Some readers may recall Millard as the author of “The River of Doubt” which was a One Book One Lincoln finalist a few years ago. That focused on an episode in the life of Theodore Roosevelt. She excels at writing history as story.

Millard opens this story with a prologue that introduces us right away to Charlies Guiteau. Guiteau survived a collision between two steamships in 1880. His own survival when others died led him to believe that he was saved for an important purpose, and when that belief combined with his mental illness, it twisted itself into his intention to kill President Garfield.

Chapter One picks up at the United States’ Centennial Exhibition in 1876, where James Garfield, a congressman, strolls the grounds with his family. Millard uses this event to introduce two key angles that will be highlighted when Garfield is shot–the work of Inventor, Alexander Graham Bell, and pioneering work regarding antiseptic procedures in surgery.

Millard spends enough time with Garfield’s remarkable rise from poverty to presidency to set the context of the time, and to tell the parallel story of Guiteau’s descent. The events following the shooting take up a good deal of the book, yet she doesn’t lose the narrative’s momentum.

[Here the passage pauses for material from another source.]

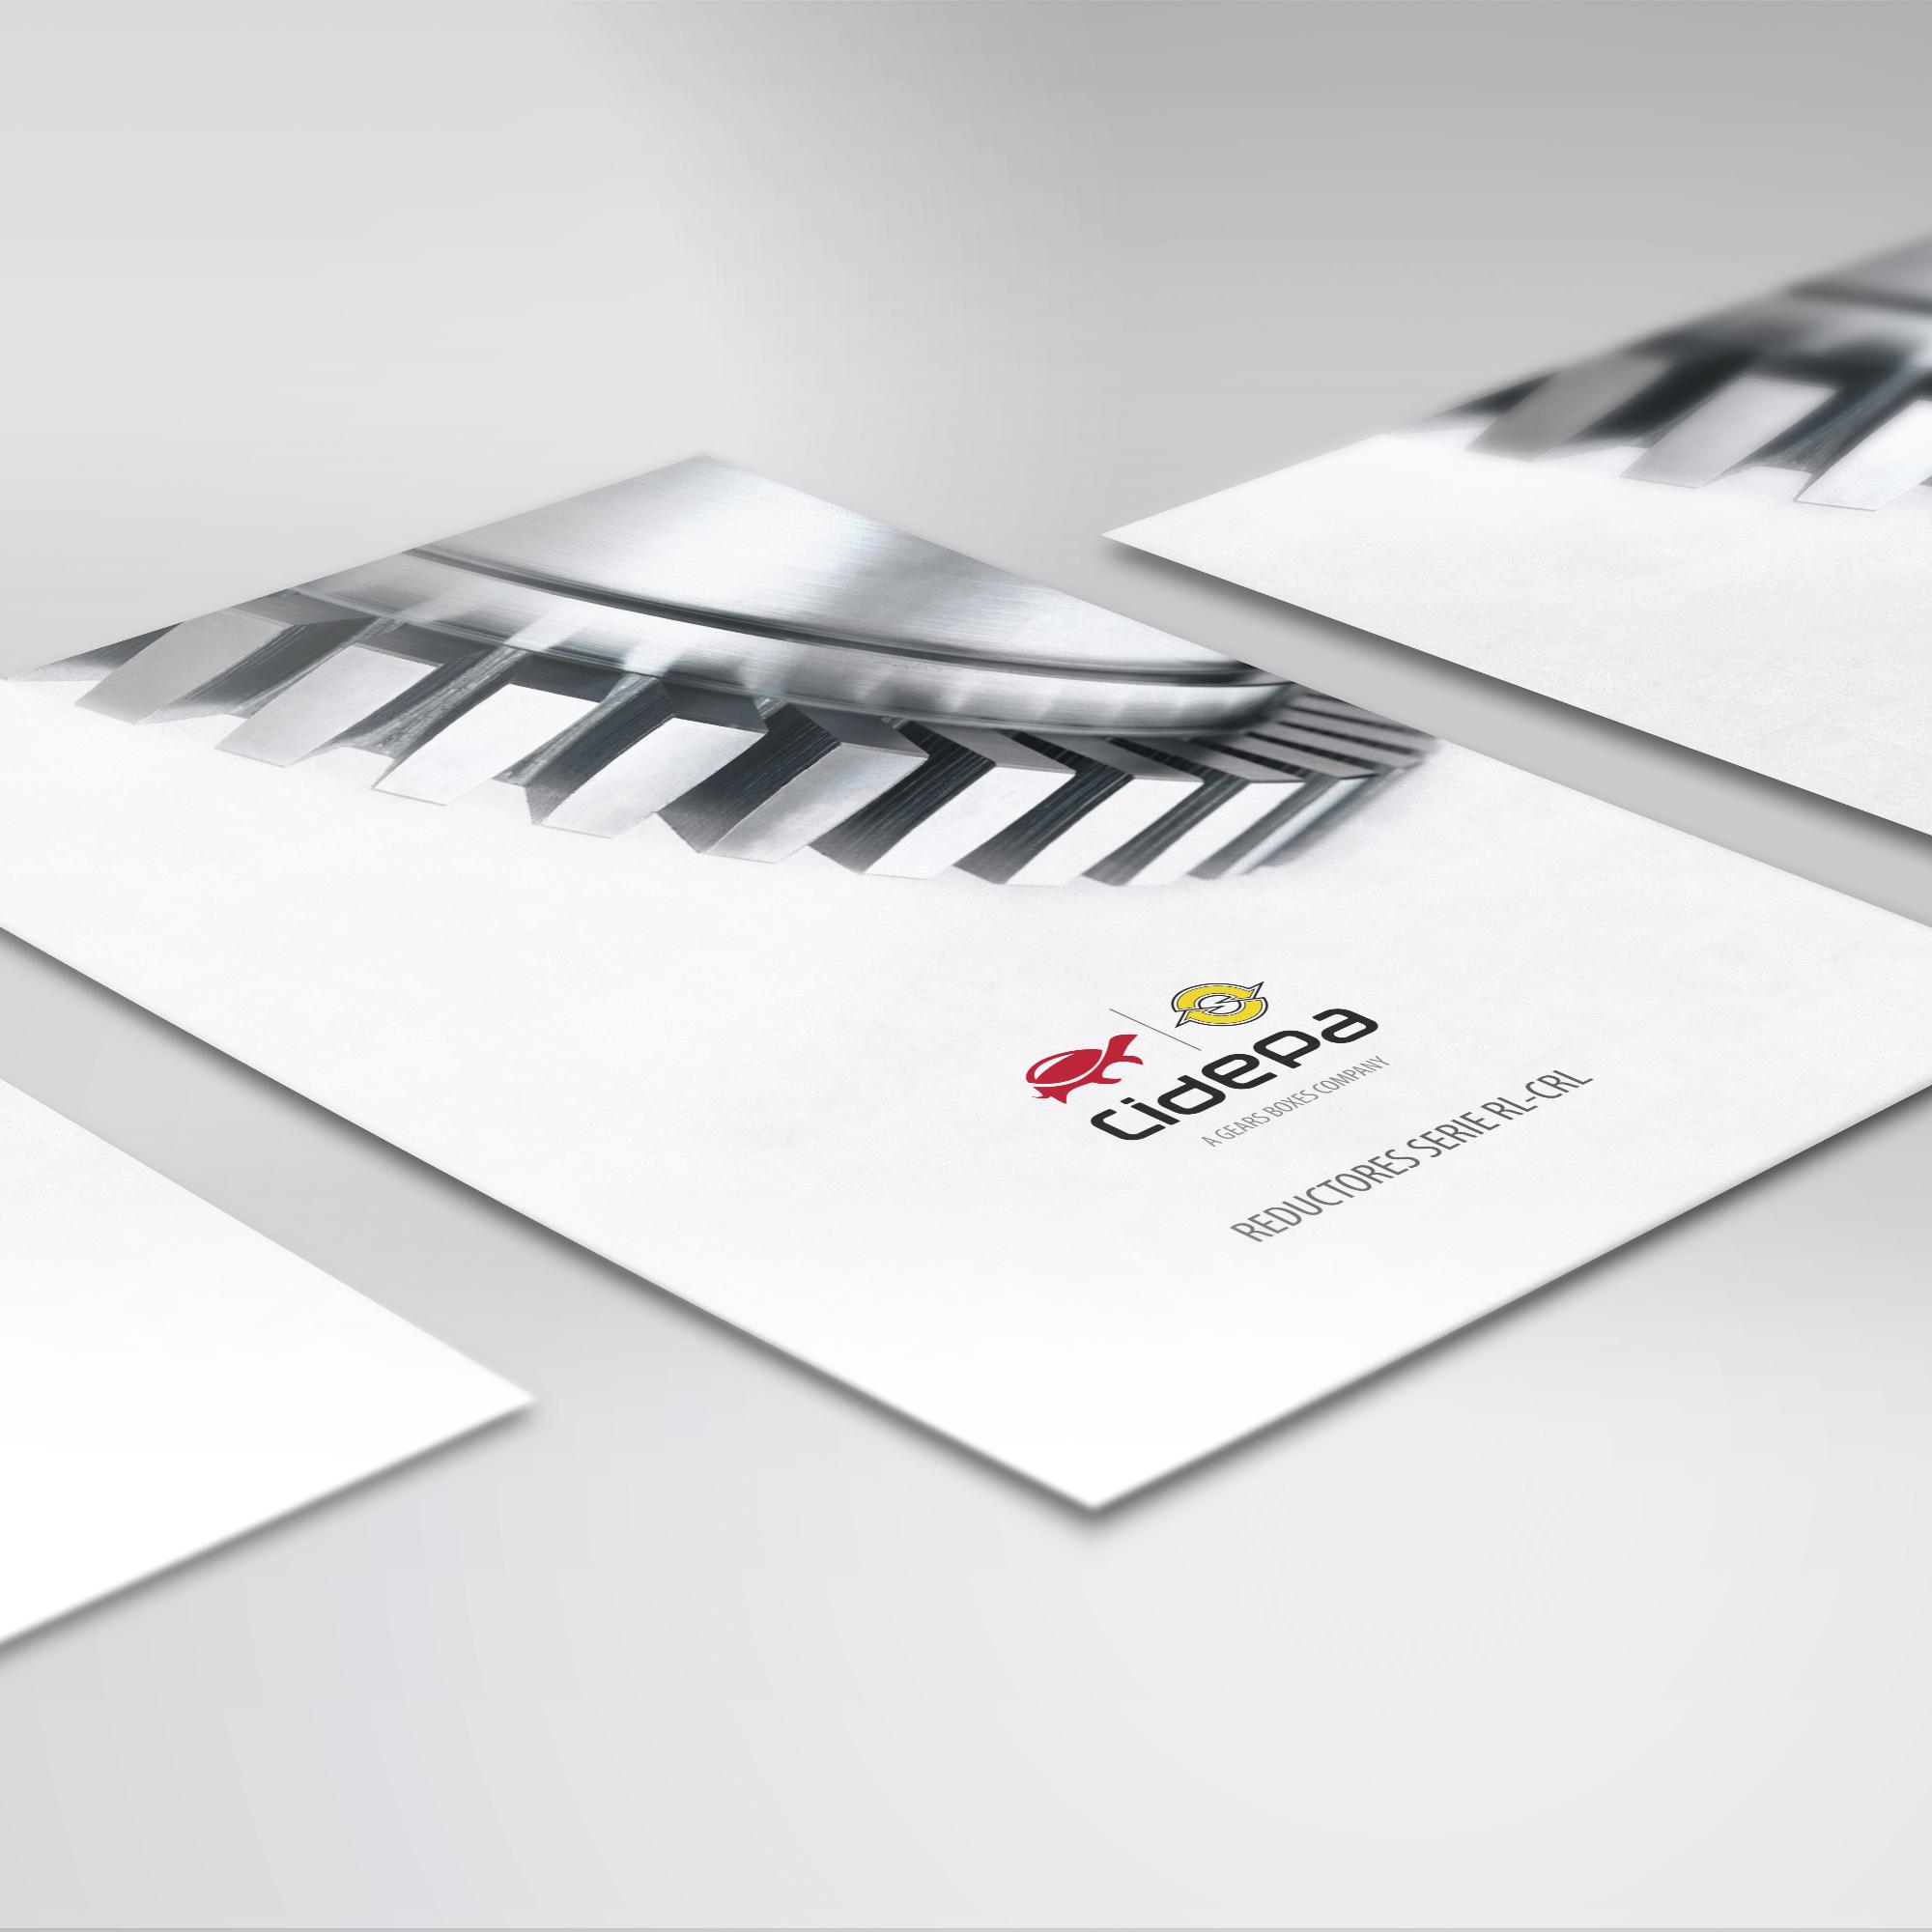 catalogo_cidepa_motoreductores_textura_design
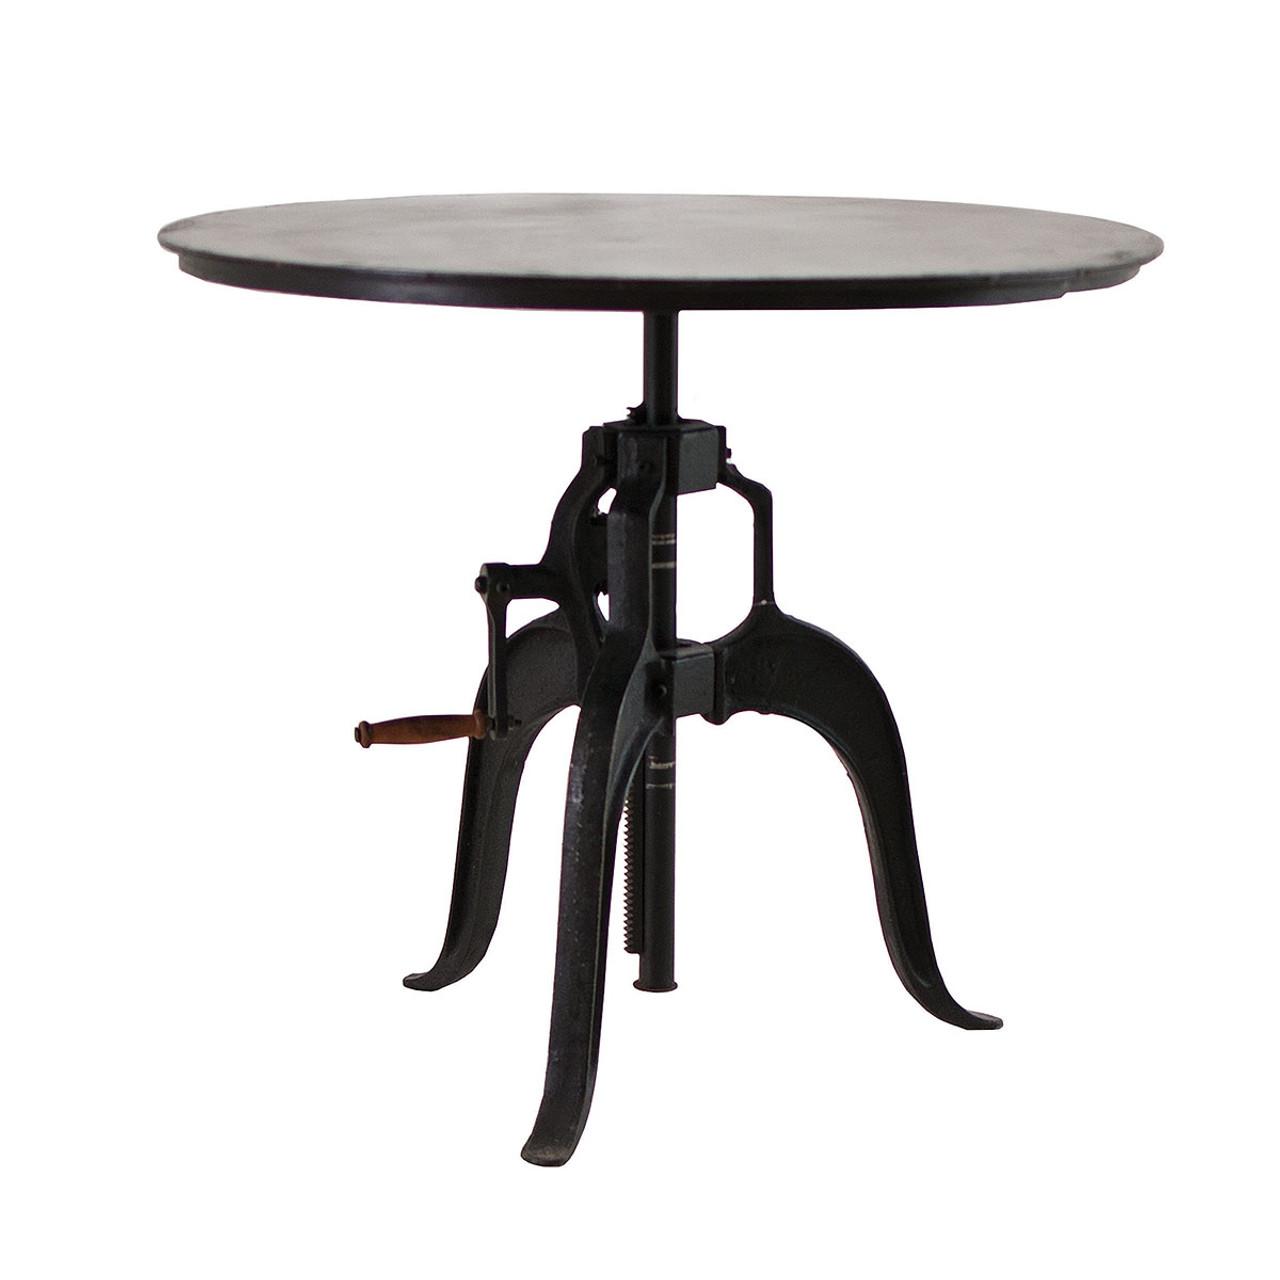 Adjustable Height Crank Dining Table 36   sc 1 st  Zin Home & Adjustable Height Crank Dining Table 36

I appreciated how much I learned in the course of this book. This takes several forms. The sense of the United States shortly after the Civil War, the personalities engaged in politics, the dirtiness of the politics, and the lack of cleanliness as it impacted Garfield, are staying with me.

This may not be the book for serious students of American history, but for readers who have a general interest in the time and who are unfamiliar with James Garfield, Millard unrolls a fine story. I’ll recommend it both to those with that interest in American history, and also to fiction readers who are willing to try nonfiction “when it reads like a story.”